The sun’s setting was always my favorite part of the day. The sky is always so pretty and the clouds are floating around the sun like flies around light. And of course Dre had to be the annoying little brother that he is and get directly in my view. Now that I thought about it and looked at Dre, I realized one of two things must be true. Either I was really short for a twelve year old, or Dre was really tall for an eight year old. He stood tall and excited as the idea of traveling with me coursed through his blood. I was about to stand by him and see how much taller he was to me, when suddenly I heard voices come up from behind us. I knew that Dre had heard them to because his body tensed and swiftly turned around. Strolling up the road were two white men, one was extremely muscular but kind of short. The other man was semi thin with sandy brown hair and pale blue eyes. They both stopped. They looked at us, and then looked at each other, then two pairs of eager eyes were locked onto me. They looked at me as if I were prey. After that everything happened so quickly. Dre ordered me to run in a strong commanding voice, but I can still sense that he was scared. Strangely enough though, I immediately obeyed. The men chased us into the woods. They nearly caught us if it wasn’t for what had happened next. As the men were drawing nearer to us, Dre unexpectedly stopped, turned on his heel and swung a knife right into the chest of the muscular short man. The other man hesitated for a moment as he watched his comrade fall to the ground dead, and then struck Dre in the face. He fell with a hard thud. Dre didn’t move. The man began to advance towards me. I cried as loud as I could for help as the man grabbed my arms and began to try and pull of my clothes. I saw all the hate and evil in his eyes as he found pleasure in causing me pain and putting fear into my heart. Then all of a sudden, the cold pale blue eyes rolled back and the man released me as he hurdled to the ground. And there, standing behind him, was Dre with a huge branch in his hands.

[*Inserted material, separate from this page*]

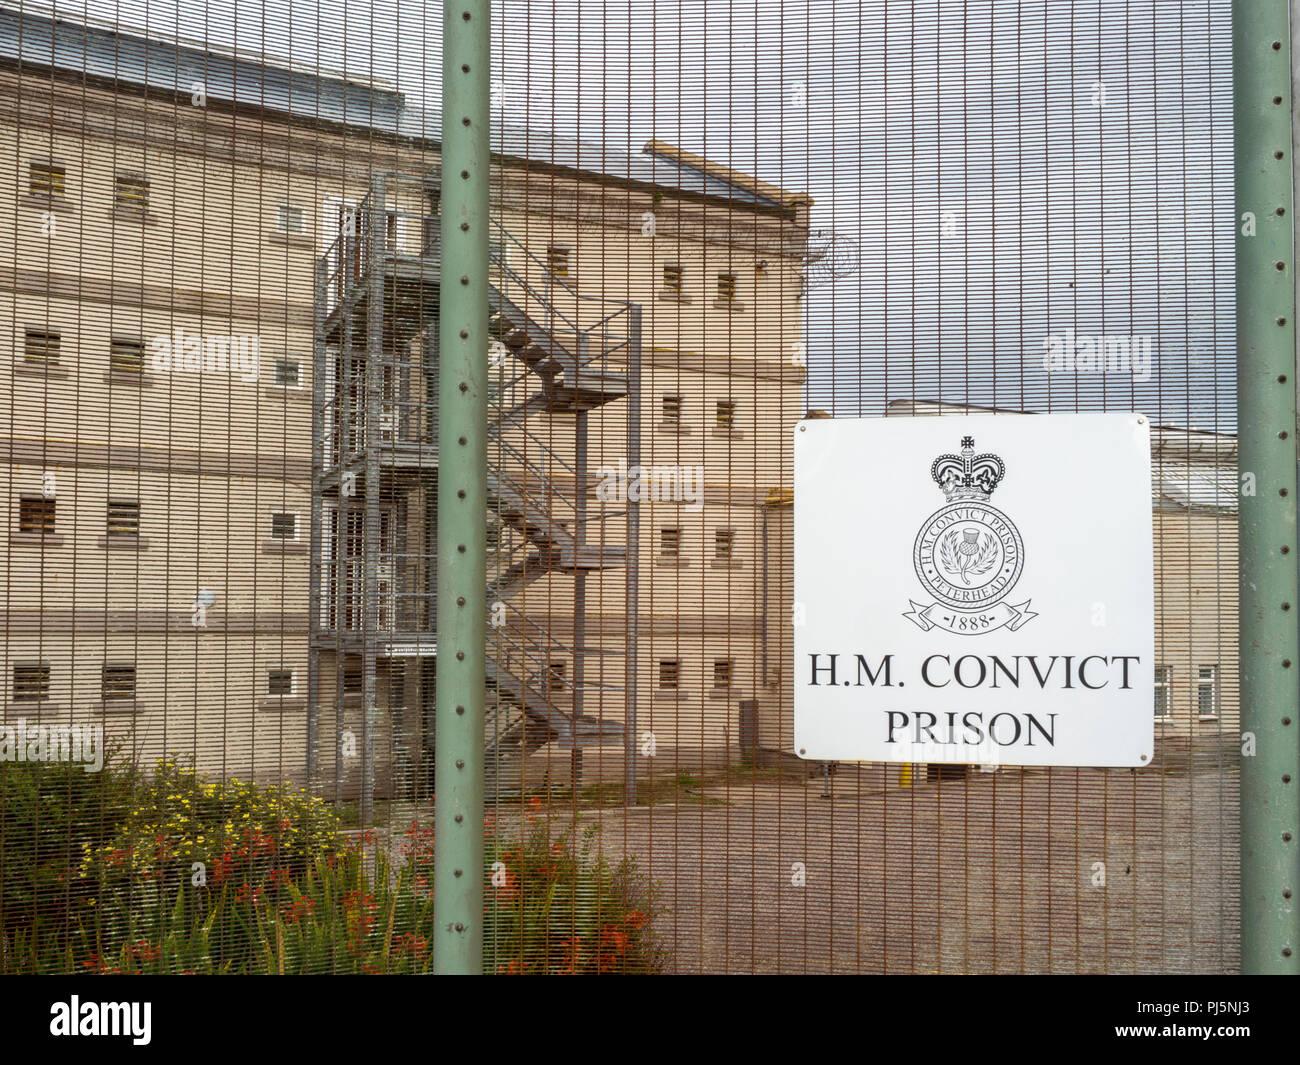 Zelle Bausteine und Gebäude in Peterhead Gefängnis, Schottland. Ursprünglich im Jahre 1888 eröffnet, das Gefängnis geschlossen in 2013 und ist heute als Museum erhalten. Stockfoto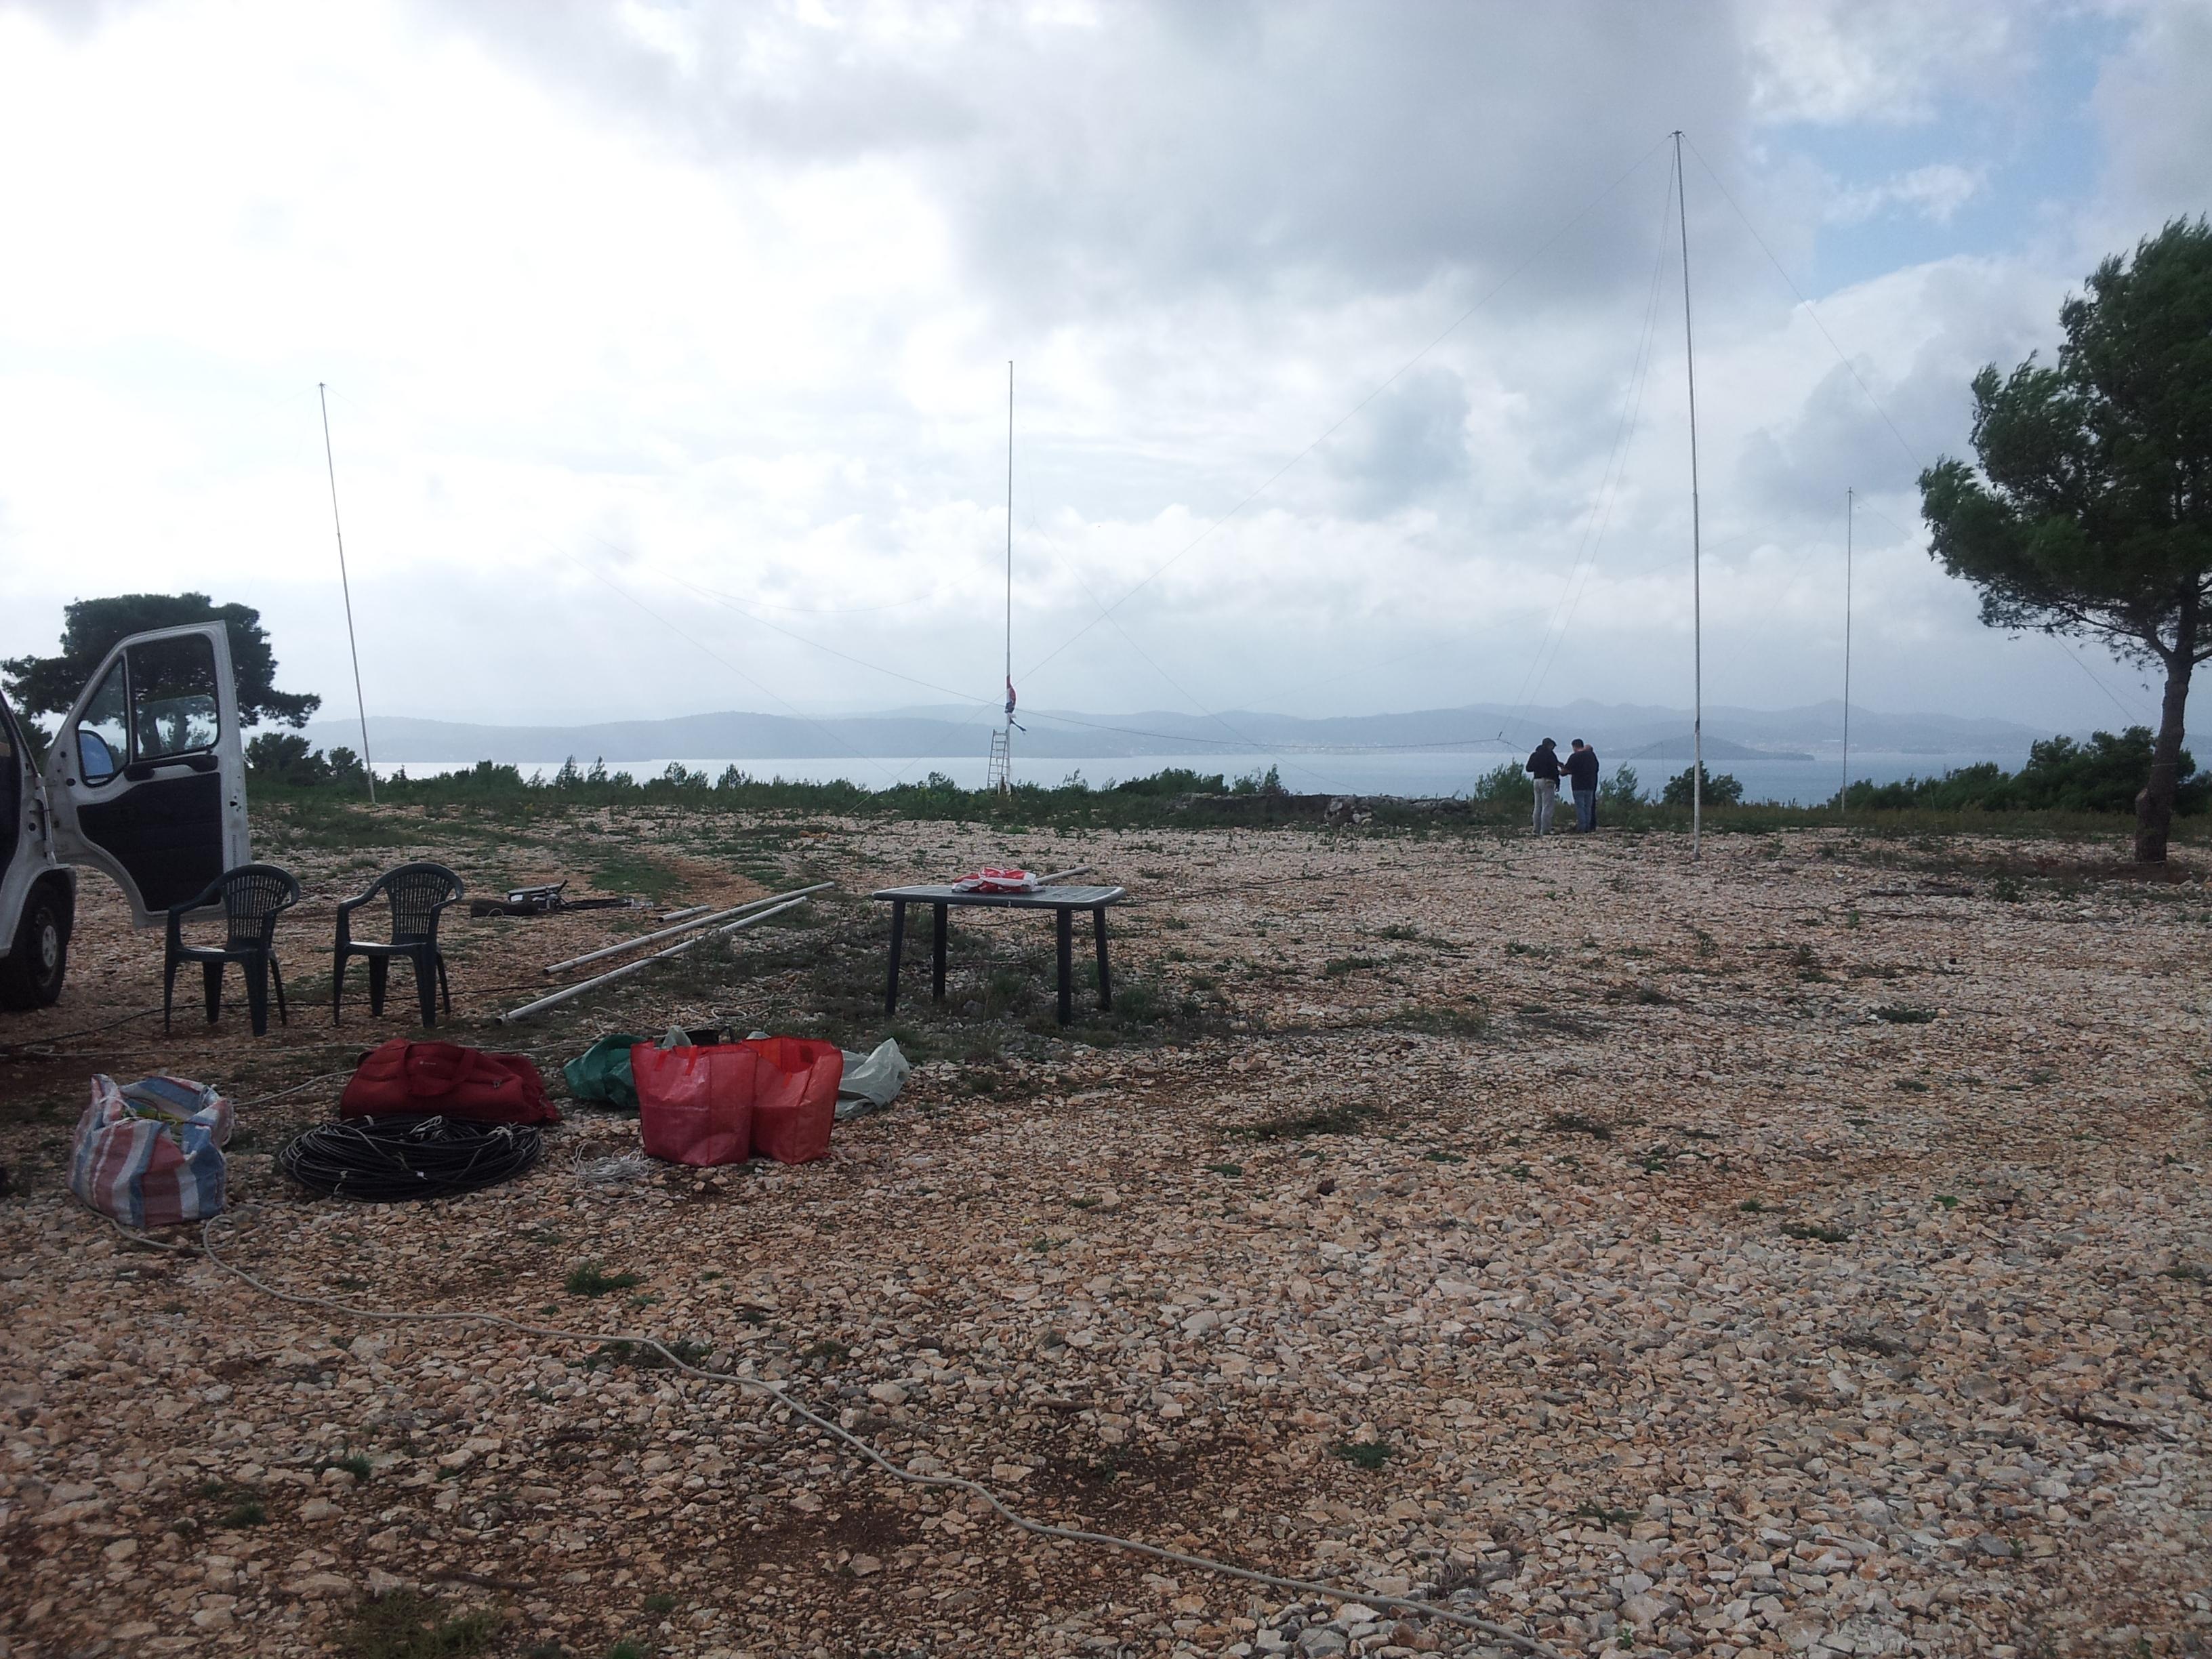 Podizanje sky-loop antene na terenu

“Maddison…” Dre said weakly. Then he fell unconscious and scraped his stomach on the same branch as he fell to the ground as well.
Immediately I knew I had to get him back home to receive some medical aid. So I ripped some cloth from my clothes so I could use them as bandages for Dre’s wounds to his head and stomach. Then I carefully put him on my back and began to walk back into the city of New York to return home. Turns out that Dre wasn’t as heavy as he looked. I was so stupid, what I had done? And what’s worst is that I endangered the life of my eight-year-old little brother! How could I have done that? I can never forgive myself for what had happened to him and the innocence he gave up trying to protect me.
“Hang in there lil’ bro’… we’ll get yah help soon. Yah hear?” I told him that for the millionth and first time that day as the rain begun to drizzle on us. d**n… all I wanted was to buy an orange.